En nuestro país siempre cuando un grupo se reúne y toca el espinoso tema de la política nacional salta como papa hirviendo la afirmación de que el país es ingobernable, que vivimos una gravísima crisis de gobernabilidad y que no hay gobernante ecuatoriano que resista más allá de dos años, todo esto dicho como una queja, un obstinado lamento y siempre pensando y afirmando que los otros son los malos, los culpables y nosotros, los que nos quejamos, víctimas indefensas y desamparadas.

Sin dejar de reconocer que hay razones mayúsculas y valederas para sostener dichas afirmaciones, también hay escondidas en el sótano de la inconsciencia: la comodidad, la falta de compromiso y especialmente una enorme y colosal ausencia de autocrítica. Porque tenemos que reconocer que los ecuatorianos adolecemos de una serie de vicios que hacen posible esa crisis de gobernabilidad y también que no somos los únicos los que la vivimos, porque unos más, otros menos, la crisis de gobernabilidad la sufre toda América Latina. Según el BID, la región es una de las que menor crecimiento económico ha tenido en el mundo y en el que la pobreza y el desempleo en lugar de disminuir como ha ocurrido en otras regiones, ha aumentado. Un país, una región, mientras más pobre es, más ingobernable resulta. Mientras más insatisfechas sus necesidades básicas, mayores oportunidades de revueltas.

Entre los vicios que contribuyen a que exista esa crisis está una conciencia infantil, mágica, mesiánica, de creer que cada nuevo presidente tiene la varita mágica, el poder milagroso, de transformar el país en el breve periodo que se le permita gobernar. Esa conciencia colectiva tiene el deseo, la ilusión infantil, de que todo sea para ya, inmediato, en un abrir y cerrar de ojos, sin comprender que los países que han avanzado como China, Vietnam, Chile, se han comprometido en agendas de largo plazo, con propósitos comunes en el que han participado todos los actores políticos. Y en ese camino no hay víctimas, ni verdugos, hay compromiso, esfuerzo y trabajo duro.

Como las grandes mayorías no tienen cultura política, votan con la emoción y no con la razón y son fácilmente impresionables por la demagogia, el discurso florido, las caras bonitas, las corazonadas, todas cualidades muy buenas para el amor, pero malas para el país. Esta ausencia de análisis permite la manipulación y el engaño. También el ecuatoriano común tiene miedo, un terrible miedo al cambio. Queremos cambios sin cambiar, por obra y gracia del Espíritu Santo y todo esto sin comprometernos como ciudadanos.

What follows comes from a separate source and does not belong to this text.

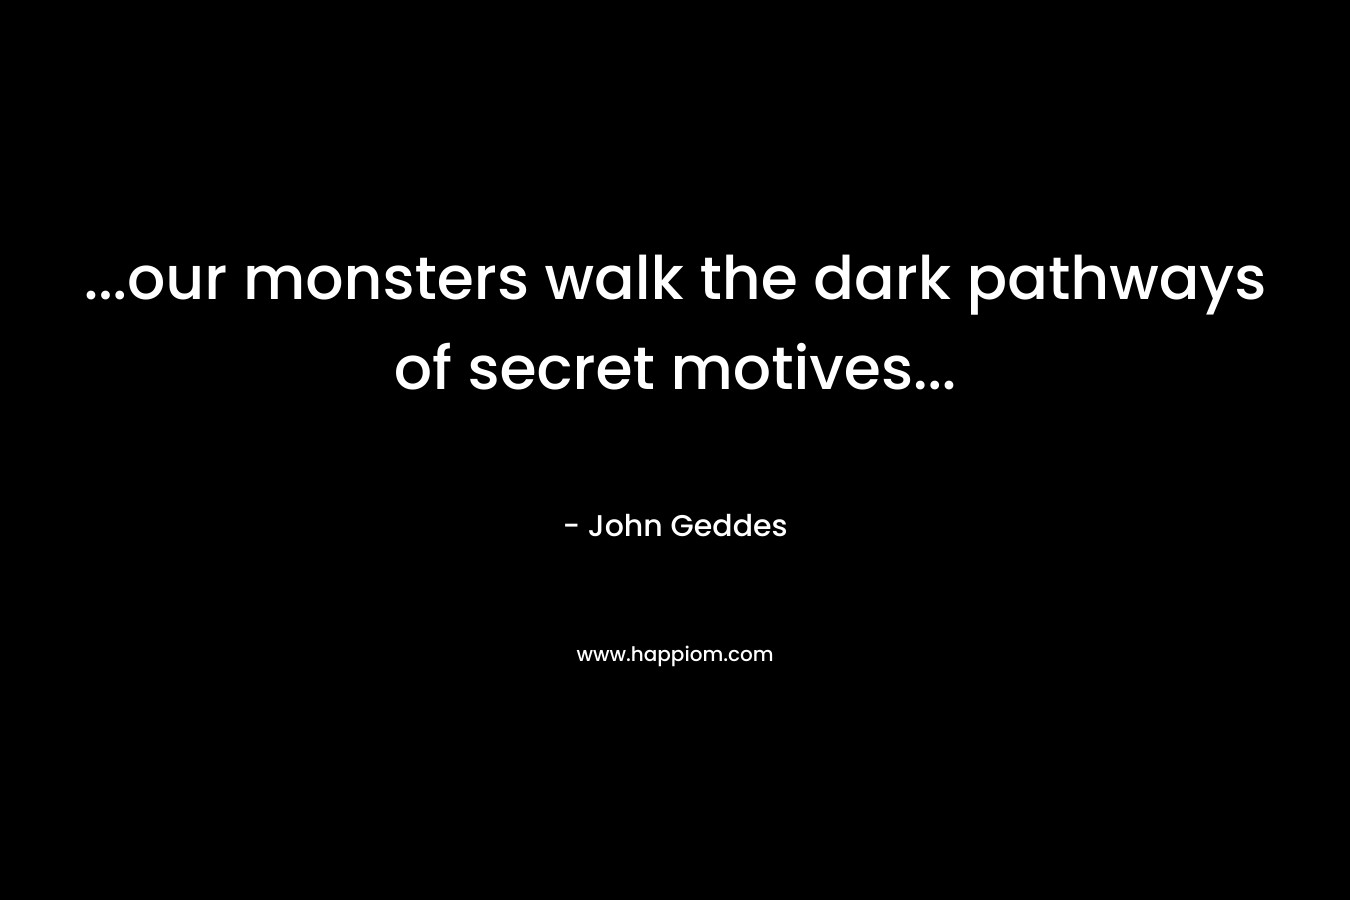 ...our monsters walk the dark pathways of secret motives...

Como tenemos terror al cambio se mata al huevo antes que nazca el pollito, se destruye la semilla antes que eche raíces y entonces cualquier nueva idea la analizamos tanto, le vemos tantos peros que aborta sin haber tenido la oportunidad de nacer. Queremos resultados, milagros, cosas nuevas, repitiendo siempre las mismas fórmulas… que no han funcionado.

Cada partido o grupo político, una vez elegido, lleva agua para su molino.

Los diputados están convencidos que se deben más a su partido o a su líder que a los intereses del pueblo. Este, una vez que los eligió, los olvida porque los desprecia, en lugar de seguir sus pasos, vigilarlos, exigir transparencia, para que sientan el control de sus electores. Los ciudadanos debemos construir buena política no solo con los políticos, sino a pesar de ellos.

Es importante cambiar nuestra mentalidad mendicante, por una actuante, involucrarnos en procesos de crecimiento y maduración social, comprometernos con el país. Comprender que la solución a la crisis de gobernabilidad es todo un proceso que puede durar muchos años pero que es posible si nos comprometemos a trabajar en una agenda común y dejamos de quejarnos.